TRY IT:
Please give the whole listing again exactly, without any of its pictures.

DATASET SECTION:
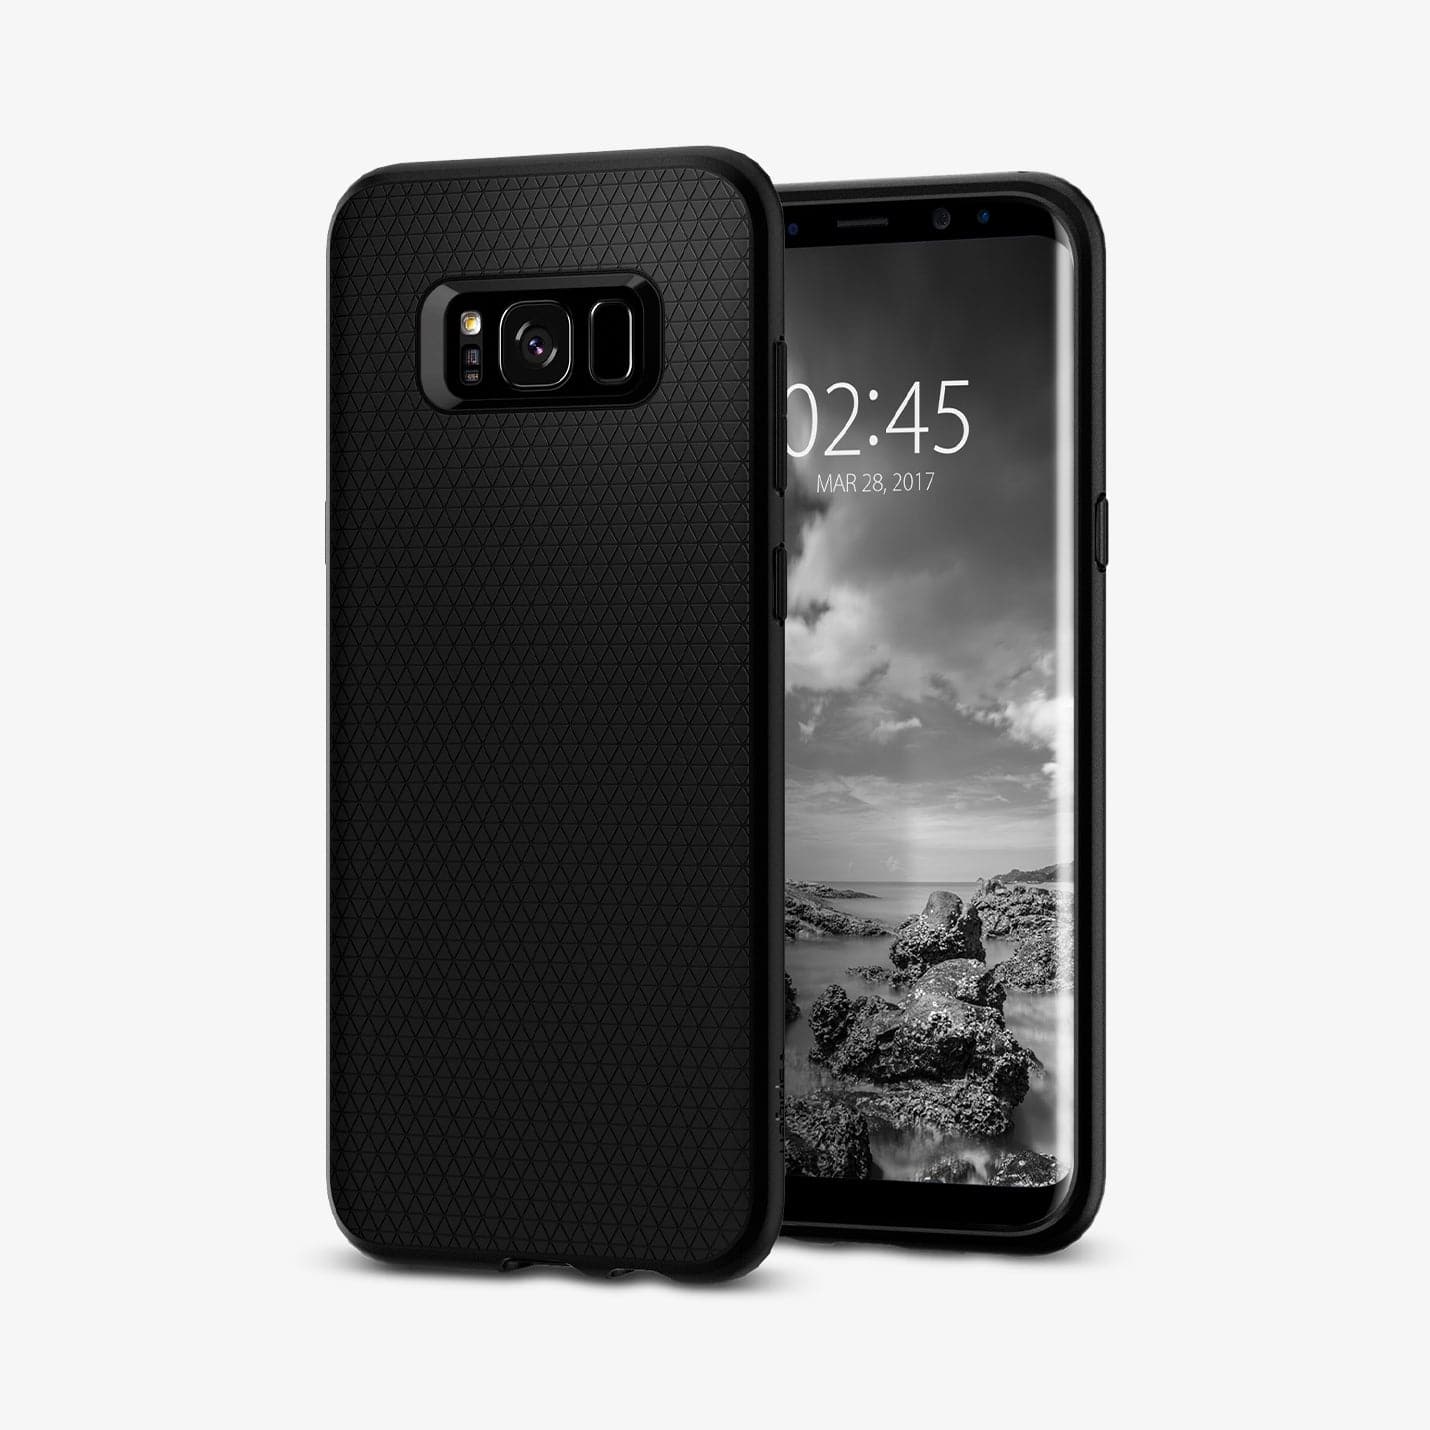 571CS21663 - Galaxy S8 Series Liquid Air Case in black showing the back and front
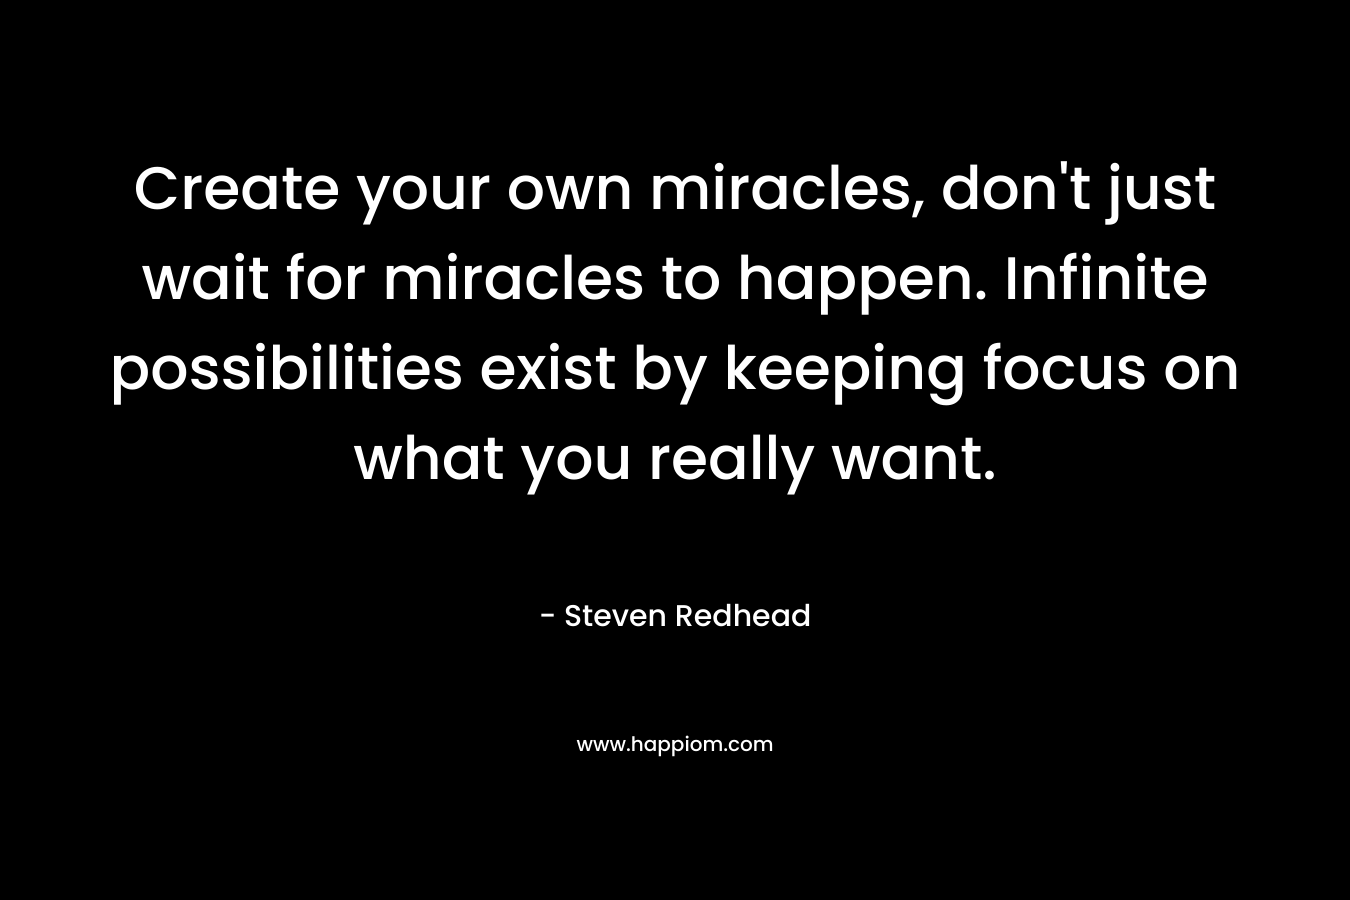 Create your own miracles, don't just wait for miracles to happen. Infinite possibilities exist by keeping focus on what you really want.
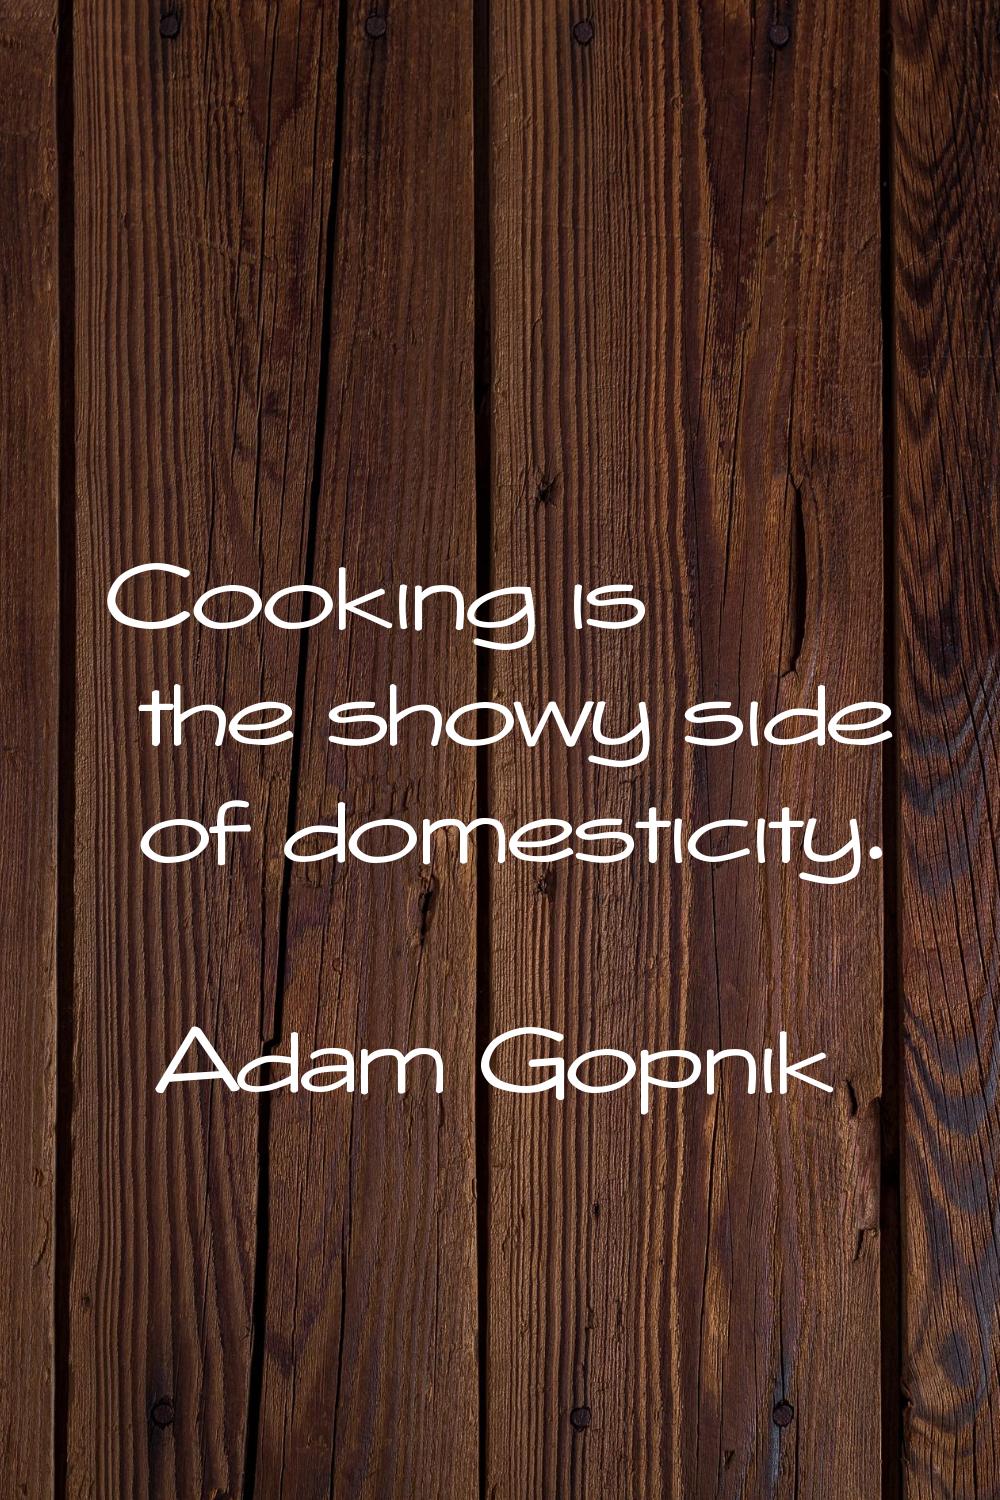 Cooking is the showy side of domesticity.

RESPONSE BELOW:
 571CS21663 - Galaxy S8 Series Liquid Air Case in black showing the back and front
 Create your own miracles, don't just wait for miracles to happen. Infinite possibilities exist by keeping focus on what you really want.
 Cooking is the showy side of domesticity.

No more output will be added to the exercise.